From the Metropolitan Museum of Art website 

“A tapestry is made by repeatedly weaving the horizontal (weft) threads over and under the vertical (warp) threads, then squishing (or tamping) those horizontal threads down so they are very close together, thus completely hiding the vertical threads from view.

Although you cannot see them in a finished tapestry, the vertical warp threads are vital components of each piece—they are the backbone of every tapestry, and provide the support for the weft threads.”

It is what is unseen, the warp, that holds everything together.  Without that foundation there is no image, no picture, no beauty.  

What are the things that hold us together, that supports the threads of our lives and the lives of those around us?   Yes, the finished tapestry is beautiful--but only because of that which is unseen behind the threads.  

And, with that thought I wonder, where will we look for the gifts that will bring us closer to the kingdom of God?  Who are those people who hold our tapestry together?  Can this community, living in witness to the Gospel, be the warp to the weft?  

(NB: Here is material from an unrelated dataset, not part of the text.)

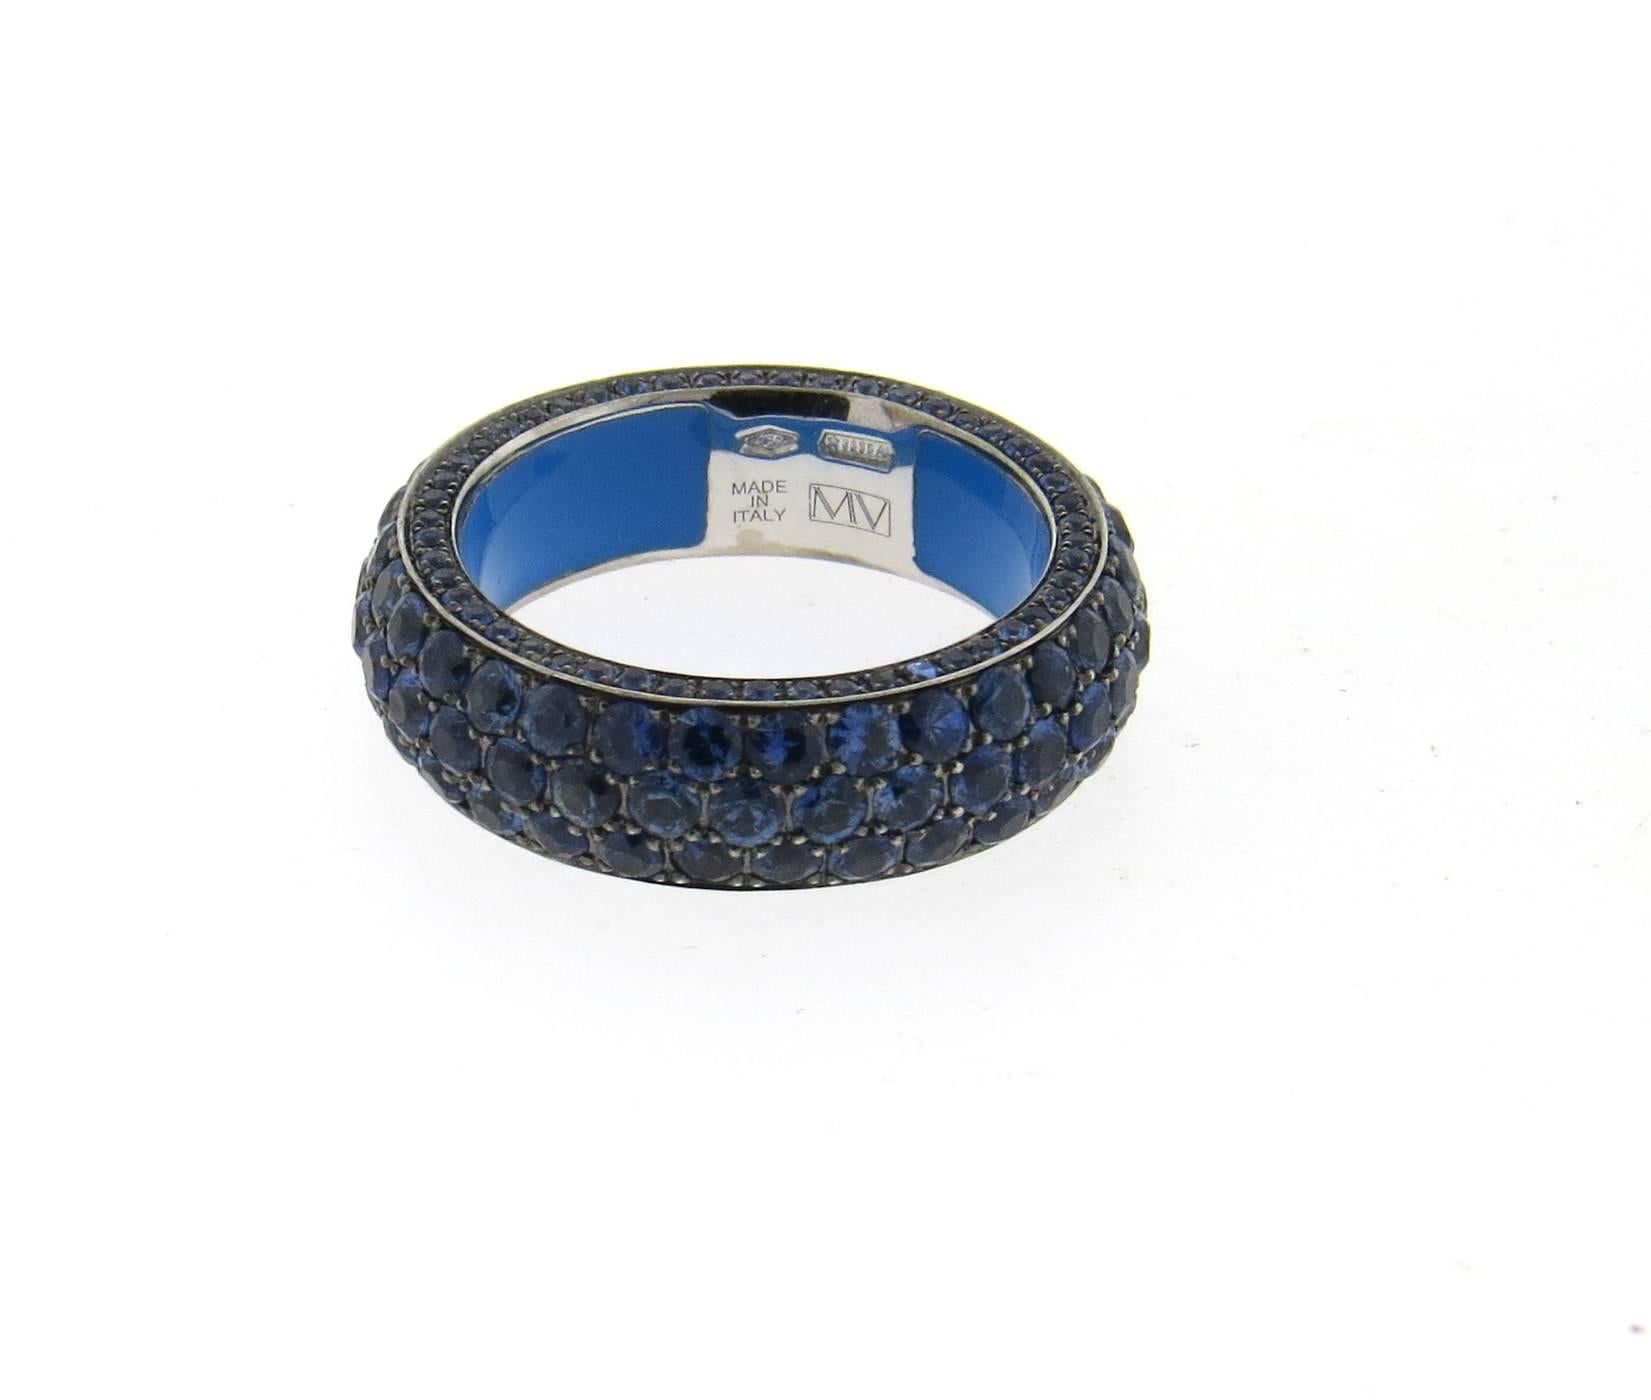 An 18k gold band ring, crafted by Marco Valente, set with all around 5.27ctw blue sapphire gemstones. Ring size 7, ring is 6.5mm wide and weighs 10.2 grams
Retail $6270

This community that, at its best, draws people together and truly sees them and loves them for who they are, exactly as God has made them--can we hold the circle, can we pull together the threads in a framework of love?  Can we see beyond ourselves and see more truly and hear more deeply the presence of God in this place?

The presence of God which is the warp to the weft.  

It can be so hard to do this, so hard to see beyond ourselves.  Recently, a video excerpt of the Italian version of The Voice was making the rounds.  In the video, a 25 year old nun in full habit appears on stage where she performs an inspired R&B rendition of an Alicia Keys song.  One by one, the judges turn their chairs.  One by one you see awe and delighted surprise on their faces when they realize that the voice that has just won their approval belongs to a nun.  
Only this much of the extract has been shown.